When trapezoidal drive signals such as that shown in FIG. 11(I) are applied to desired piezoelectric vibrators D and F, but not applied to undesired adjacent piezoelectric vibrator E, the corresponding pressure producing chambers behave according to the following description.
Reference is now made to FIG. 11(II). This figure shows the volume of a pressure producing chamber. The horizontal line is a reference line which represents the volume of the pressure producing chamber when the pressure producing chamber is neither expanded nor contracted. The data points below the horizontal reference line represent contraction. The further from the horizontal reference line a data point is, the more the pressure producing chamber is contracted. Likewise, data points above the horizontal reference line represent expansion of the pressure producing chamber. As will be appreciated, the wavy line in FIG. 11(II) represents the expansion and contraction of a pressure producing chamber over time.
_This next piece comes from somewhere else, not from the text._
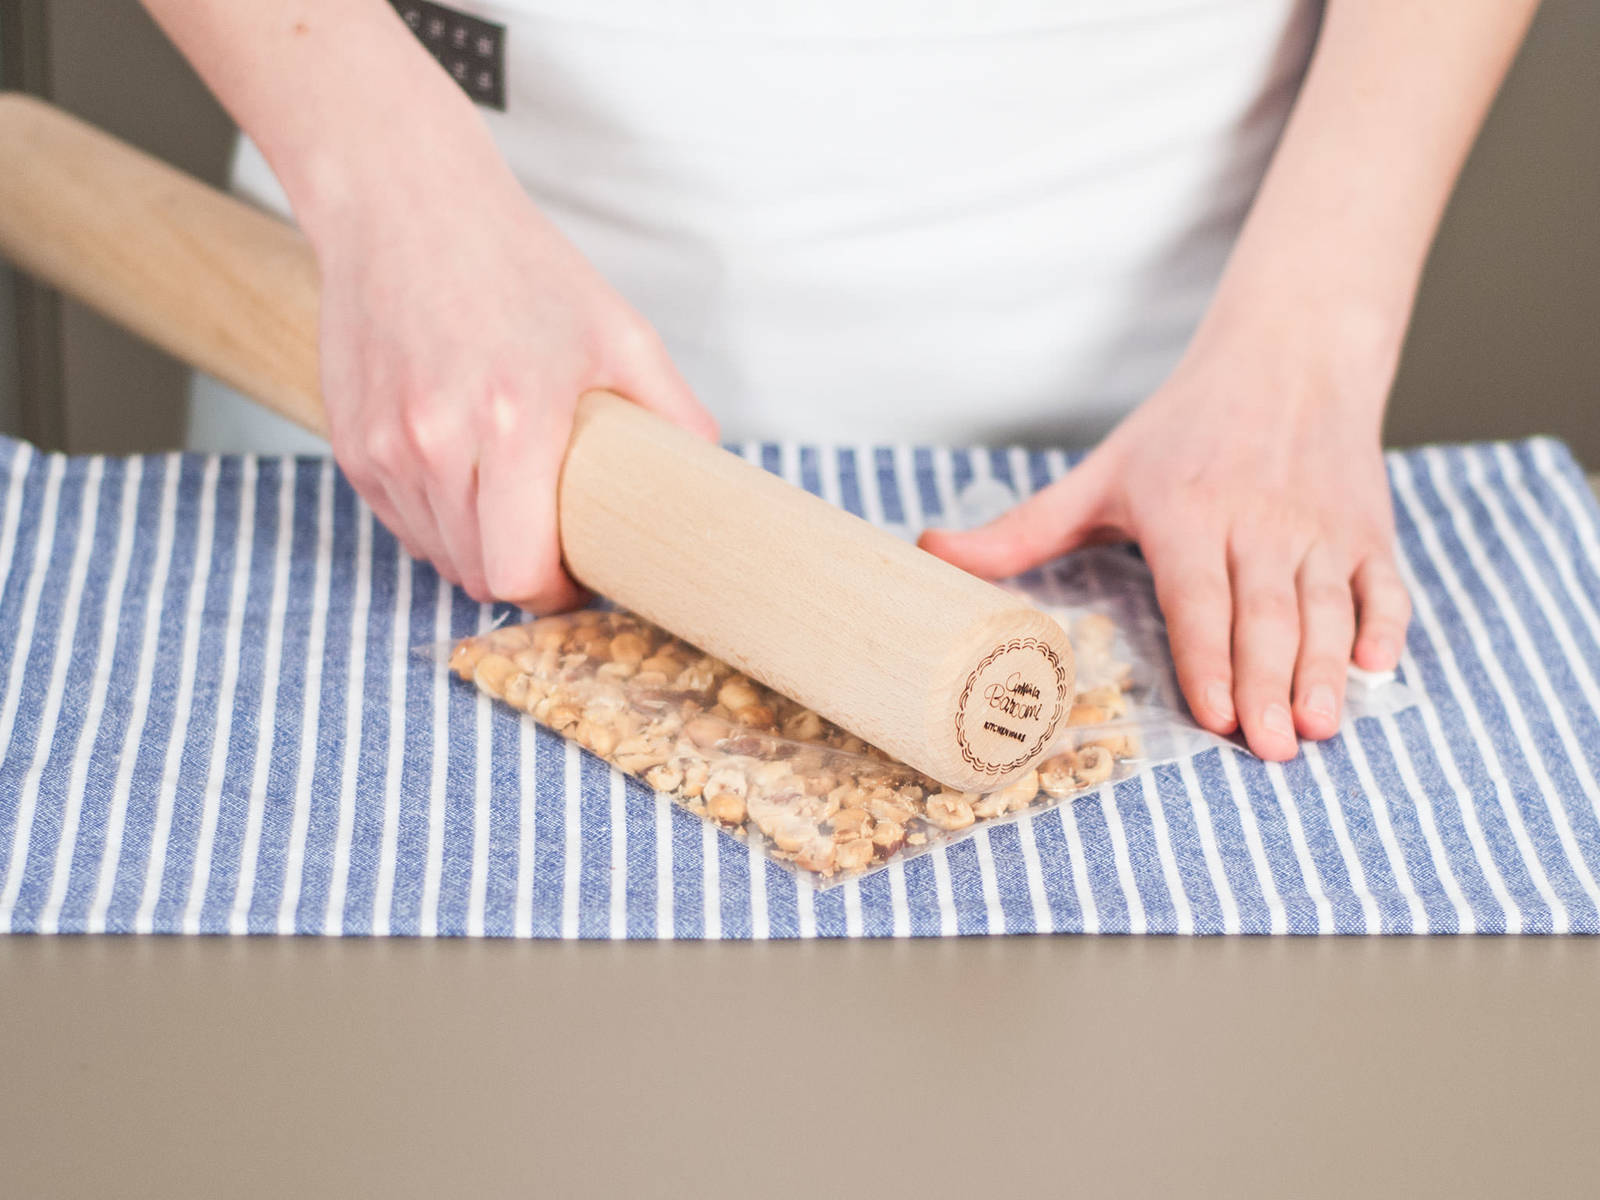 预热烤箱至180摄氏度。将榛子放入冷冻袋中,用擀面杖碾碎。

For convenience, the following description may state that a piezoelectric vibrator contracts or expands. This is merely a shorthand way of stating that the piezoelectric vibrator is driven in a certain manner which causes the corresponding pressure producing chamber to experience contraction or expansion.
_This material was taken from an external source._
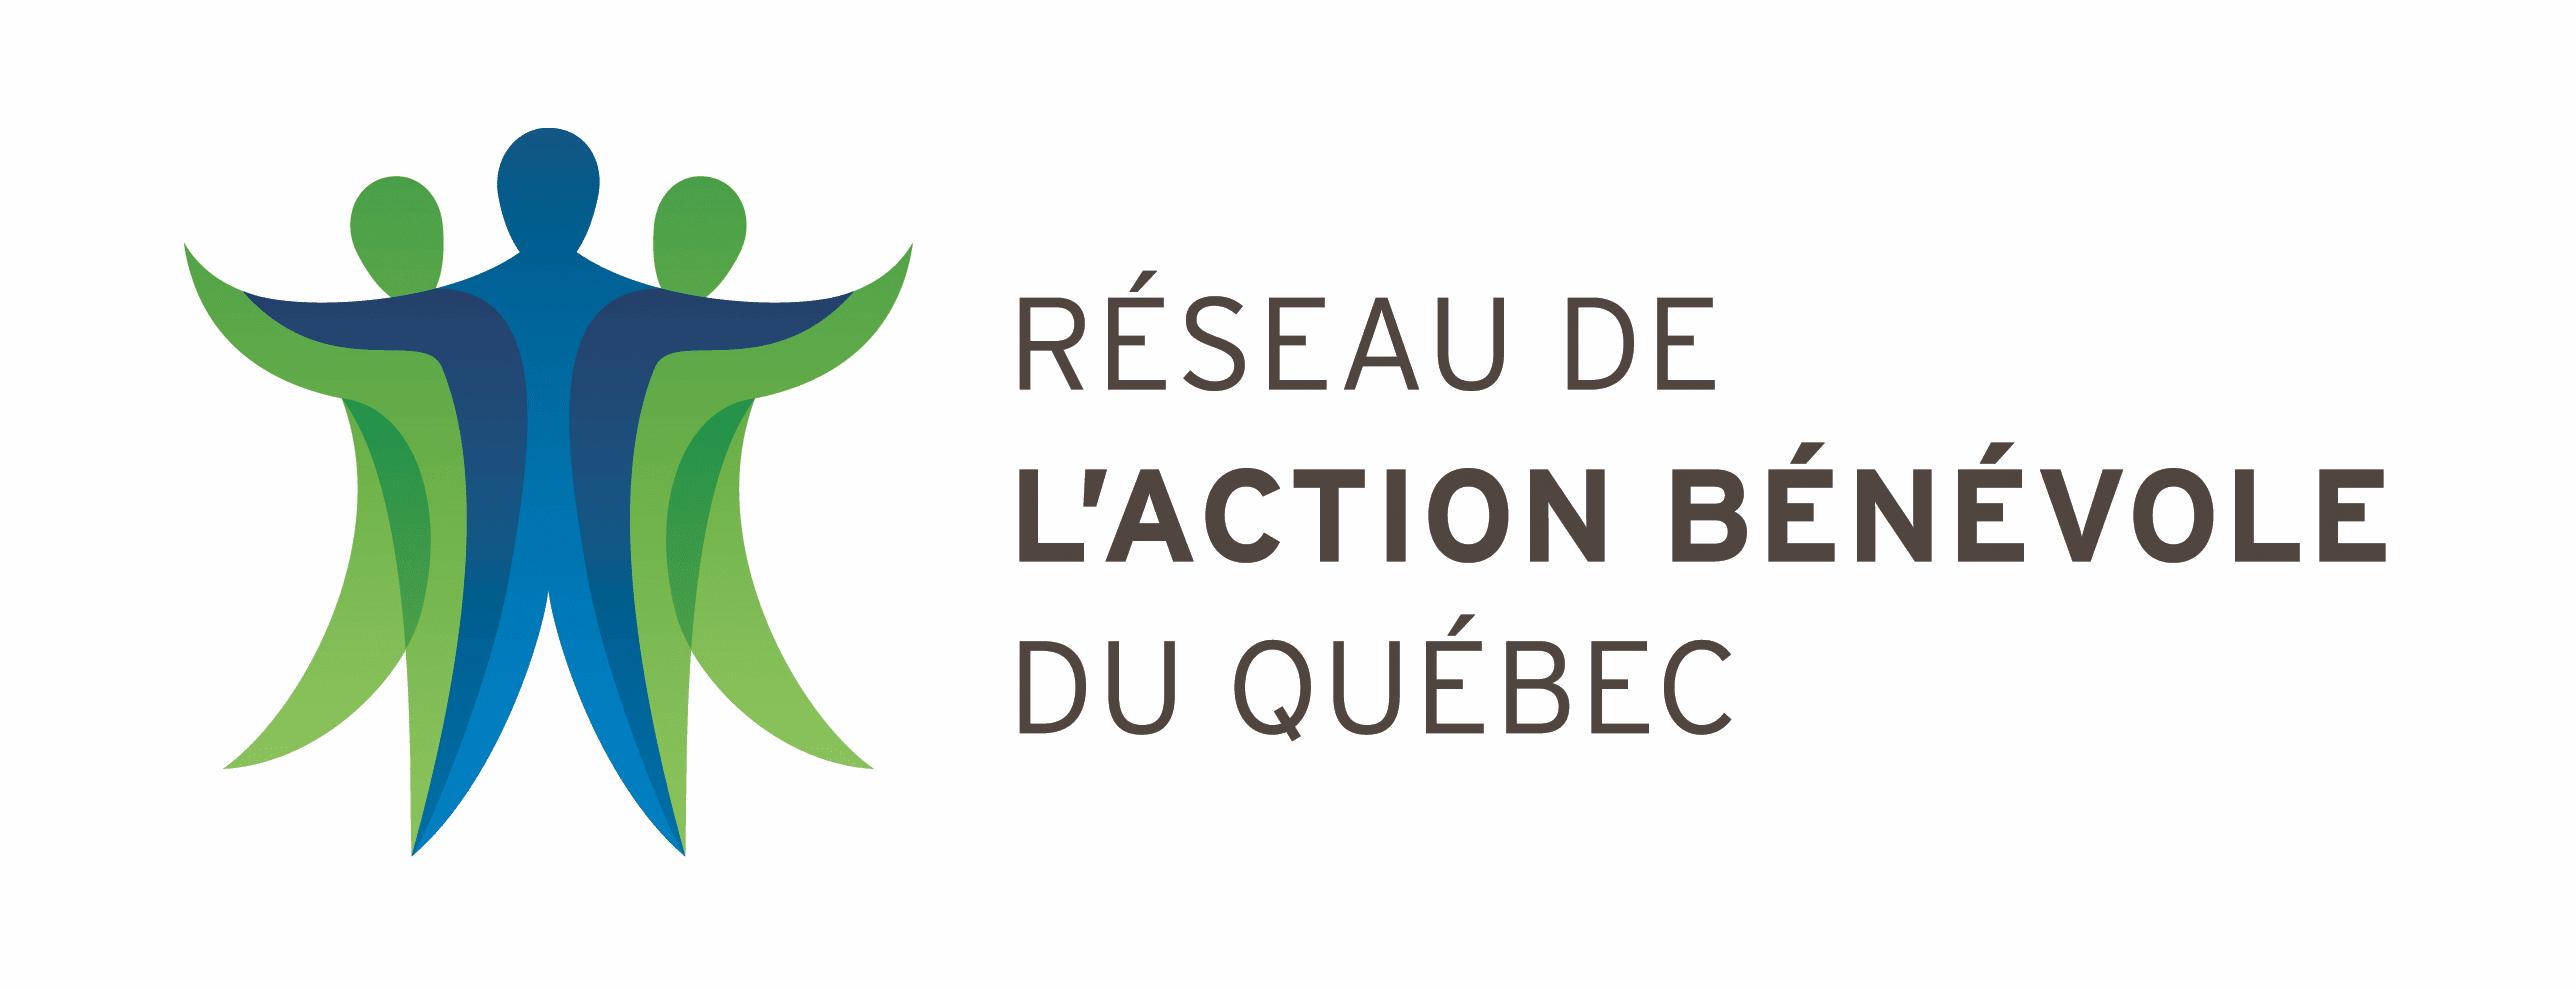 Réseau de l'Action Bénévole du Québec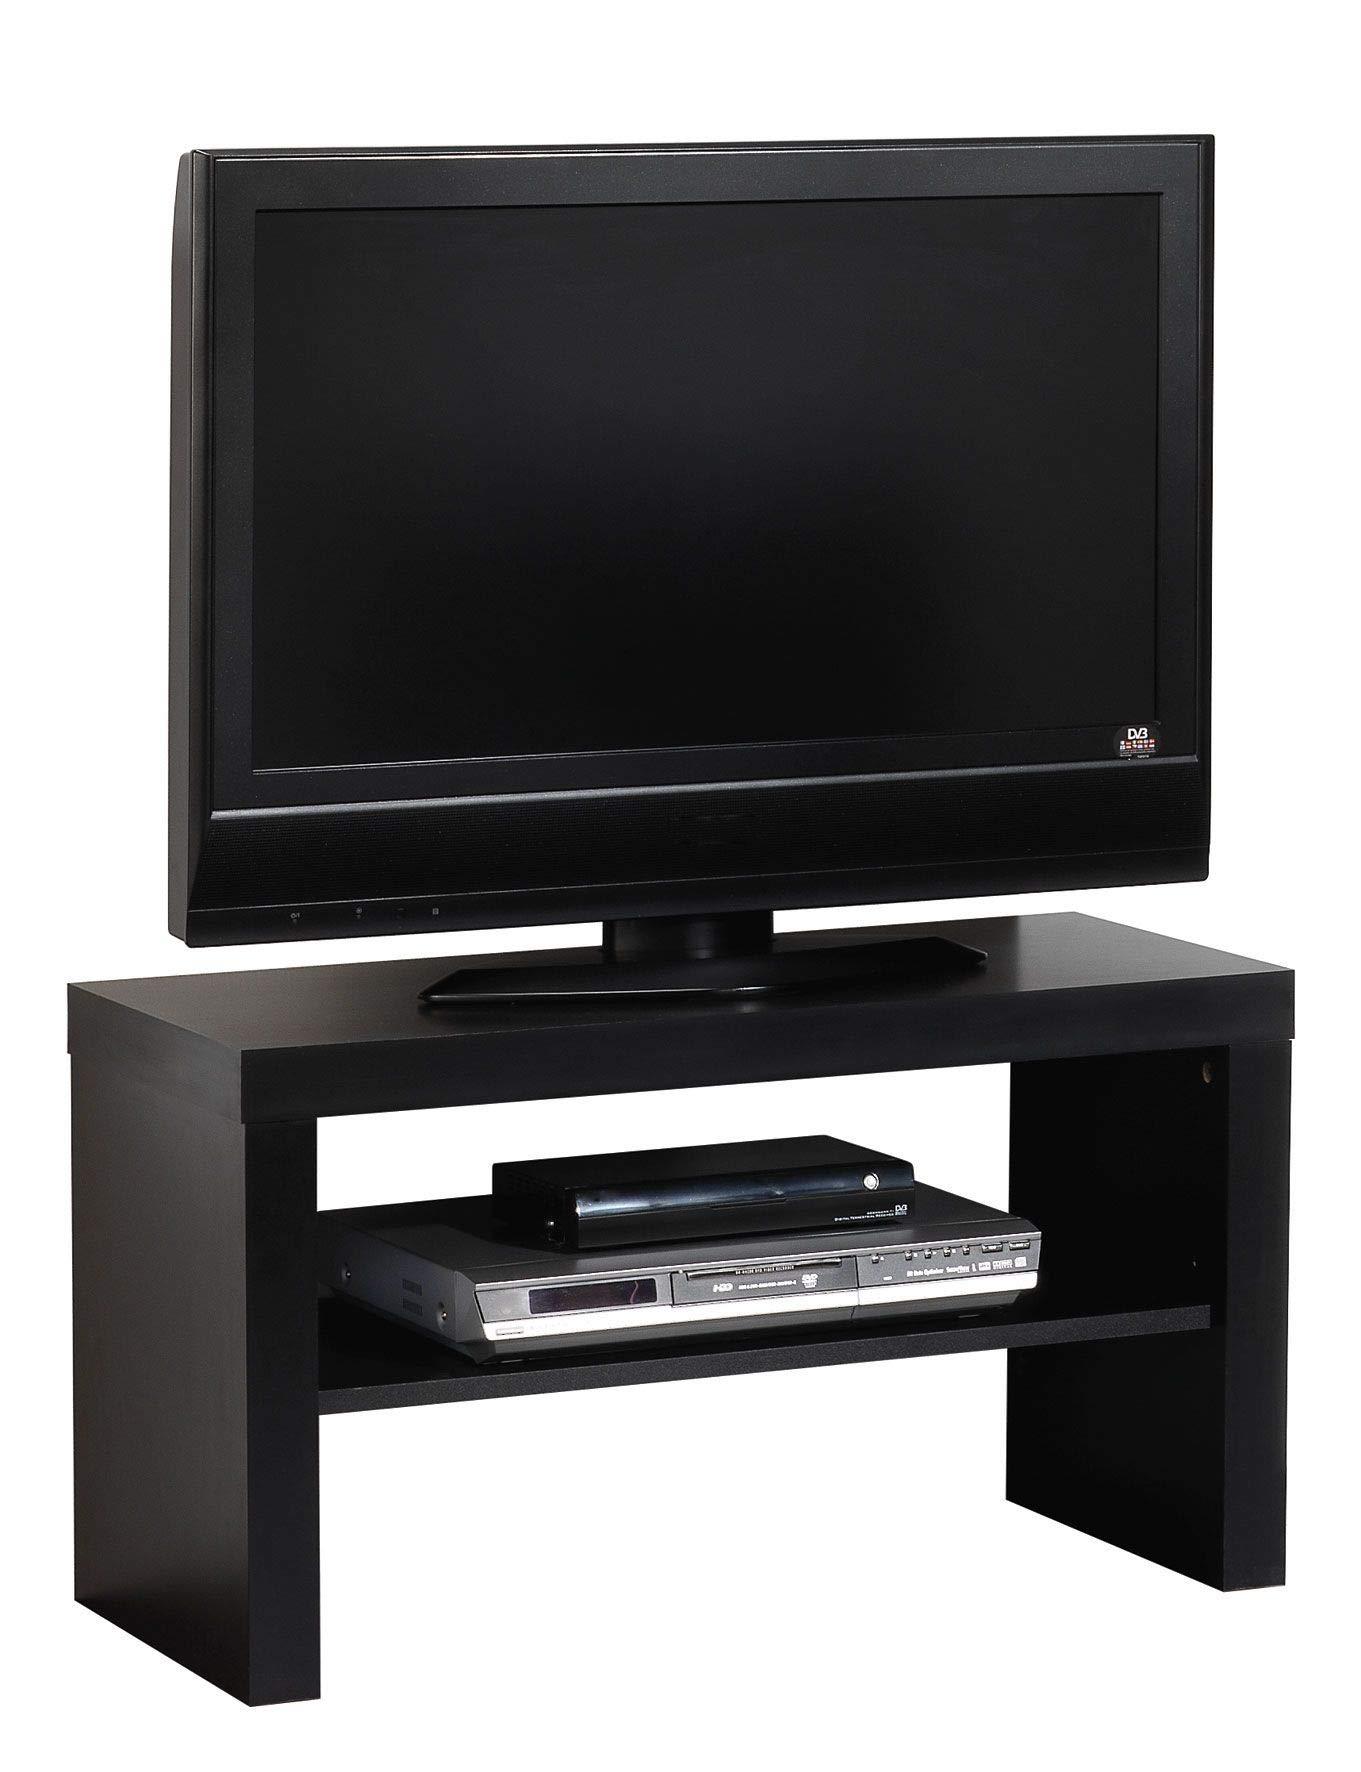 Miroytengo Mueble TV Salon TREC modulo bajo Multimedia Estilo Moderno Color Negro Comedor melamina 40x80x40 cm: Amazon.es: Hogar

During the first part of the trapezoidal drive signal (i.e., during charging), the piezoelectric vibrators D and F contract as shown in FIG. 11(II). During the second part of the trapezoidal drive signal (i.e., during holding), the drive signal is held at a predetermined voltage. When charging stops and holding begins, natural vibrations are caused. In other words, when the piezoelectric vibrators stop contracting and are held, natural vibrations result. These natural vibrations may be referred to as free vibrations or as first natural vibrations.
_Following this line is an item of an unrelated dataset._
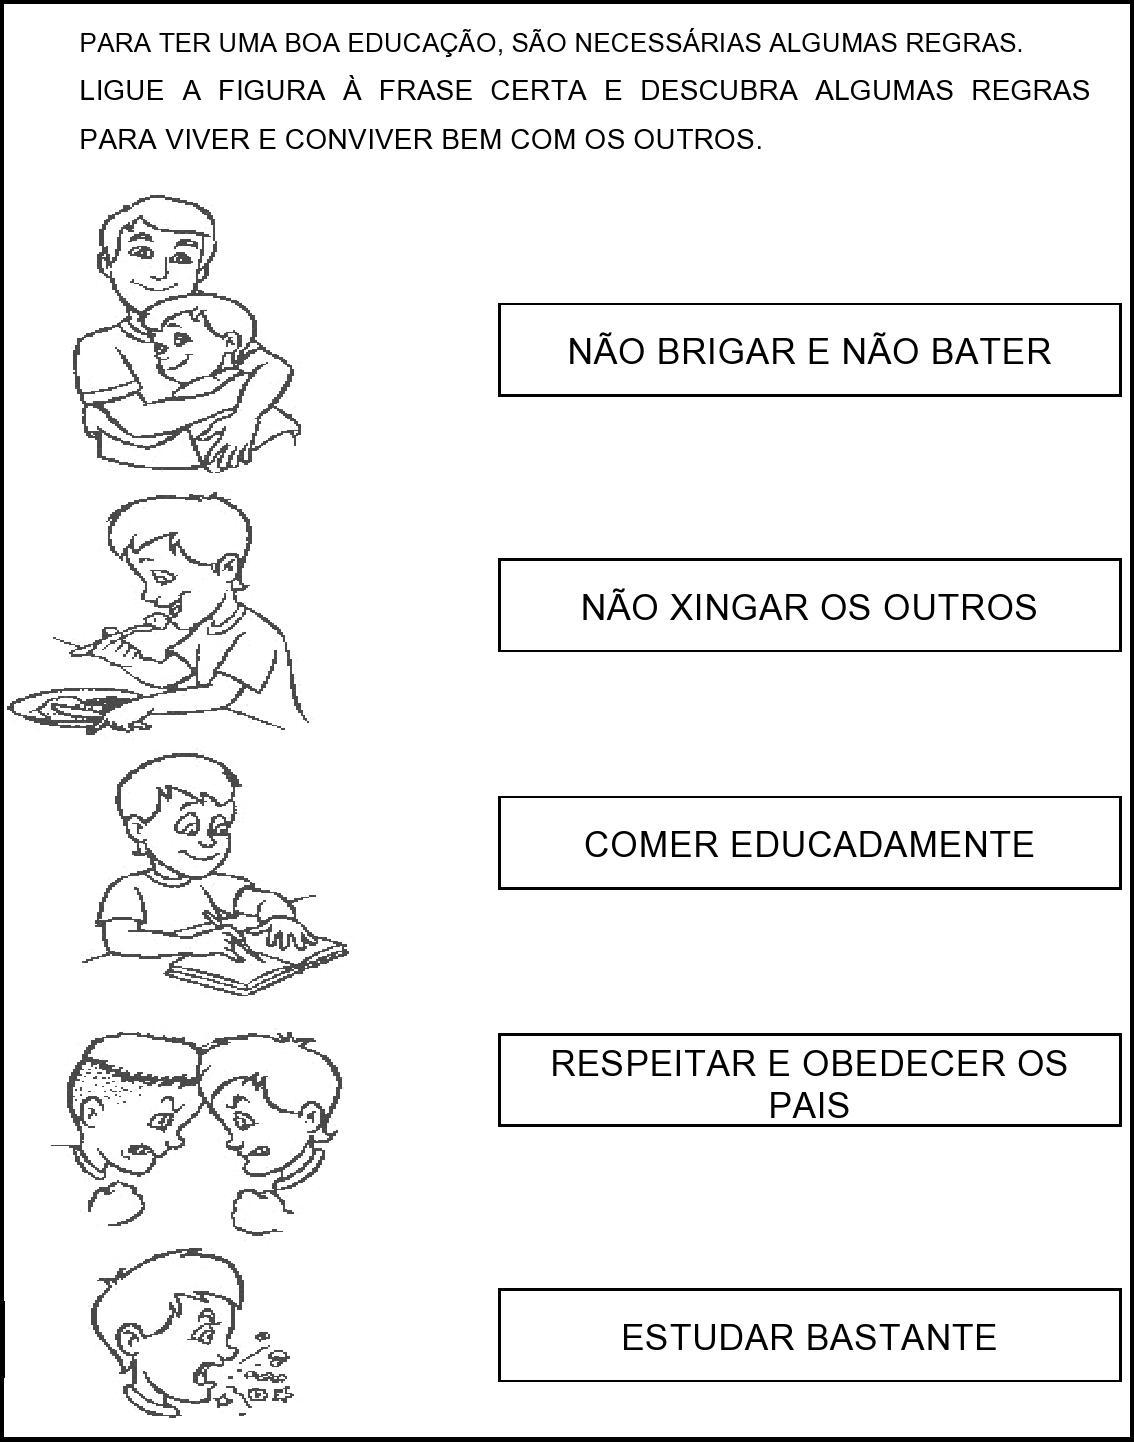 Excepcional Criando e Recriando : Avaliação Pinóquio Alfabetização - Português BA75

Holding of piezoelectric vibrators D and F lasts for a predetermined period of time. In order to jet ink droplets after a predetermined time has elapsed, the charges stored in the piezoelectric vibrators D and F are discharged so as to expand these piezoelectric vibrators. After the ink droplets have been jetted out, the piezoelectric vibrators D and F start vibrating naturally again. The natural vibrations caused after the jetting of the ink droplets may be referred to as latter free vibrations or as second natural vibrations.
On the other hand, the undesired adjacent piezoelectric vibrator E, to which no drive signal has been applied, receives vibrations through the fixing board A. The undesired adjacent piezoelectric vibrator E receives not only the free vibrations, but also the latter free vibrations created with the jetting of the ink droplets from desired piezoelectric vibrators D and F.
As a result, the undesired adjacent piezoelectric vibrator E has the amplitude of a vibration thereof amplified as shown in FIG. 11 (III) due to interference between the vibrations at the time of charging and the vibrations after the ink droplets have been jetted out. The amplitude of the vibration of the piezoelectric vibrator E caused by the propagation is in the order of 10% of the maximum amplitude of the vibrations of the desired piezoelectric vibrators D and F. However, if the vibration of the piezoelectric vibrator E lasts for a plurality of cycles, e.g., for three cycles or more, then the vibration of the meniscus of the nozzle opening corresponding to the piezoelectric vibrator E is amplified, which in turn causes an ink droplet undesirably to be jetted out.